De beige merel

 

Onze beige merel is er nog, maar helaas niet meer in onze eigen tuin. Door een nest verwilderde katten heeft deze aparte vogel elders een veiliger onderkomen gevonden.

Het bleek achteraf een zij die al een jaar of acht in onze omgeving “rond hing” en tweemaal tot broeden kwam in onze beukenhaag. Het was natuurlijk te mooi om waar te zijn: een best wel zeldzame kleurafwijking bij vogels en dan nog als vogelliefhebber in je eigen tuin waar te nemen.

 

 

Leucisme (“witheid”) komt vaker voor bij merels en o.a. ook bij zwarte kraaien. Ze zijn dan gedeeltelijk wit. Vroeger noemde men dat partieel albinisme, maar die term is niet juist. Albinisme is het geheel ontbreken van pigmenten, zulke merels zijn helemaal wit en hebben rode ogen.

Maar wat is dan een beige merel? Wanneer het ontbreken van melanine leidt tot gelige of lichtbruine exemplaren spreekt men ook wel over flavisme (“geelheid”). Bij amfibieën en reptielen komt het wel vaker voor, maar voor zover ik weet is het bij wilde vogels erg zeldzaam.

Hoe het ook zij, “onze” beige merel is een zeer opvallende verschijning in de buurt en heeft het, ondanks dit opvallen, toch al lang uitgehouden. Acht jaar is zo’n beetje de natuurlijke leeftijd voor een merel en zo lang zien we haar hier al.

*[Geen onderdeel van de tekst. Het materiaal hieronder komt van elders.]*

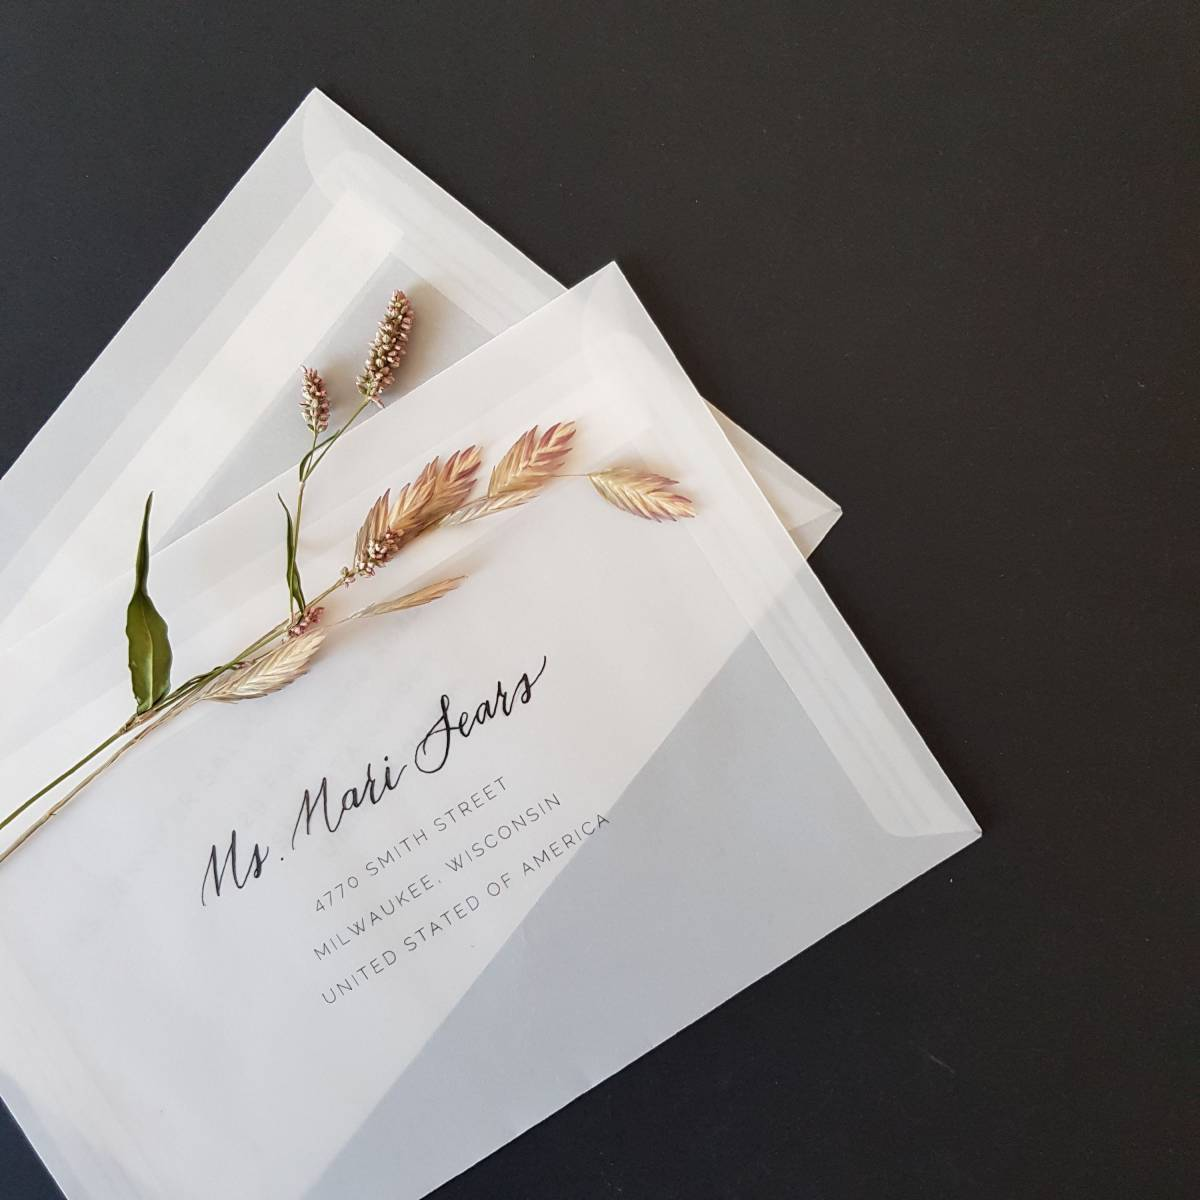 Touch of Gold - Workshops - Vrijgezellen - Trouwuitnodiging - Huwelijksuitnodiging - Kalligrafie - House of Weddings - 3

Zij is dan ook meer op haar “qui vive” voor katten en roofvogels dan soortgenoten en ook vrij dominant tegenover andere merels.

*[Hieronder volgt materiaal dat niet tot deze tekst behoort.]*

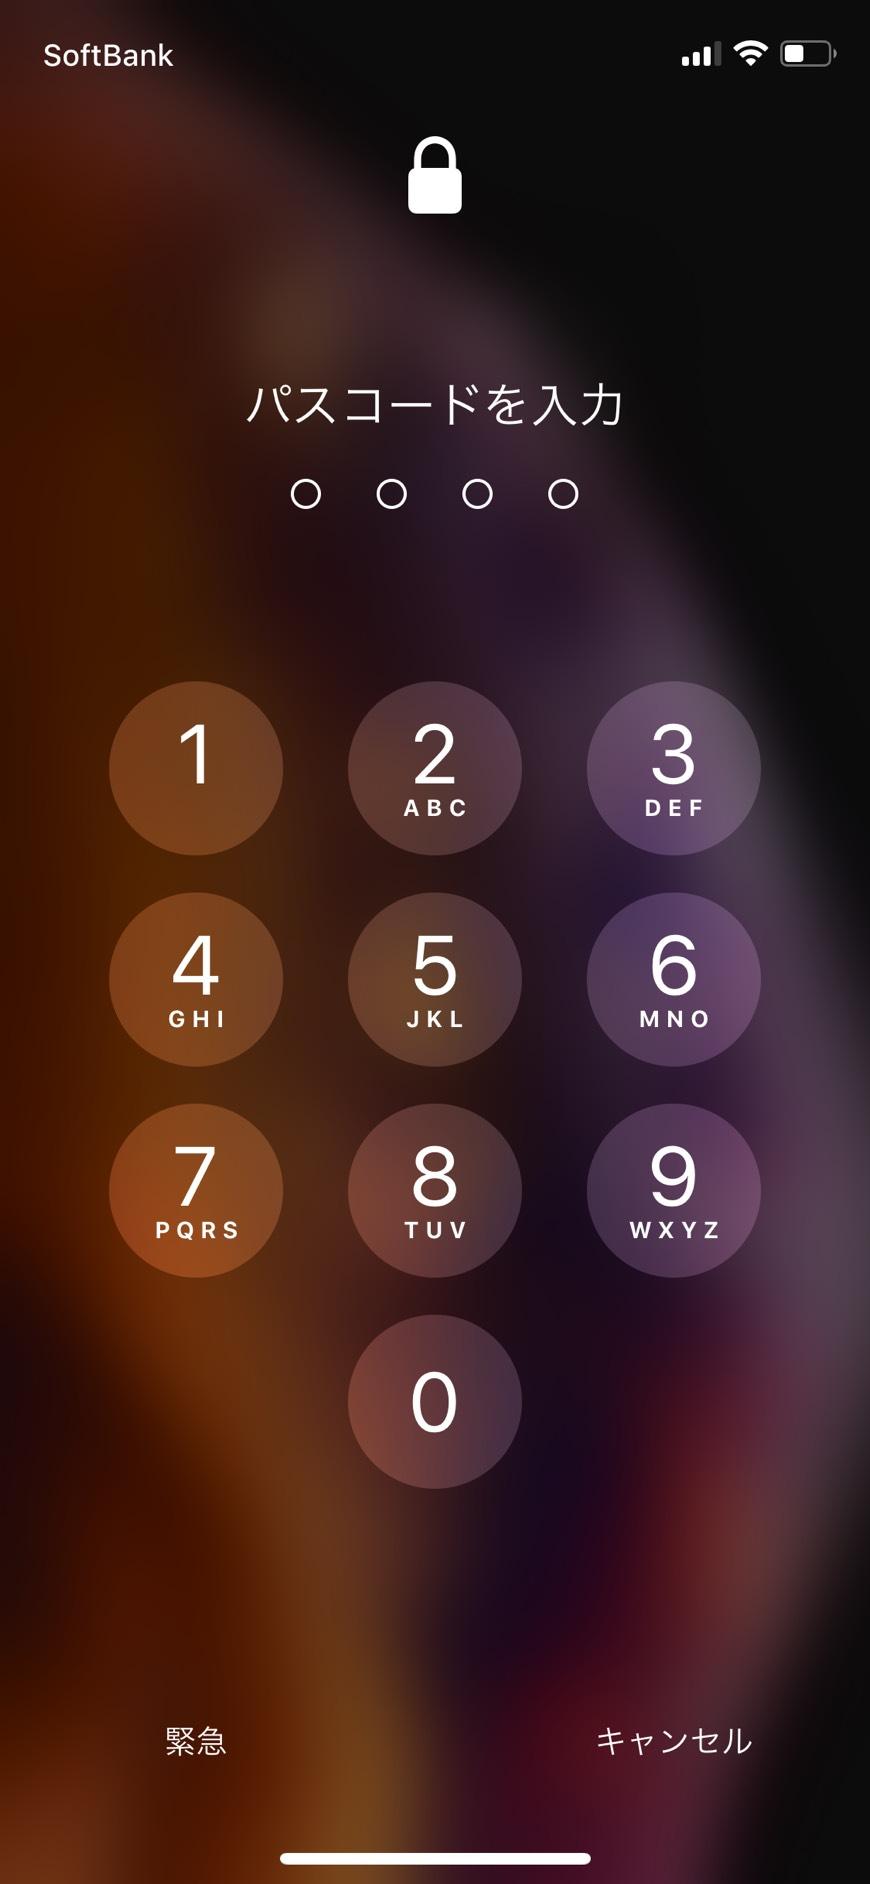 iphone パス コード 6 桁 初期 値

Nu maar hopen dat zij daardoor ook langer leeft dan gemiddeld, want we zijn inmiddels een beetje gehecht geraakt aan onze “beigie”.

 

 

Raymond Oostwegel, maart 2008

 

P.S.: Inmiddels ben ik erachter gekomen dat deze kleurafwijking waarschijnlijk geen speling van de natuur is. Er zijn namelijk kwekers van kooivogels, en de merel is daar één van, die zich toeleggen op het kweken van merels in allerlei kleurvarianten. Deze merel was dus waarschijnlijk een ontsnapt en gekweekt exemplaar. Hoe het ook zij, toch een heel bijzondere vogel.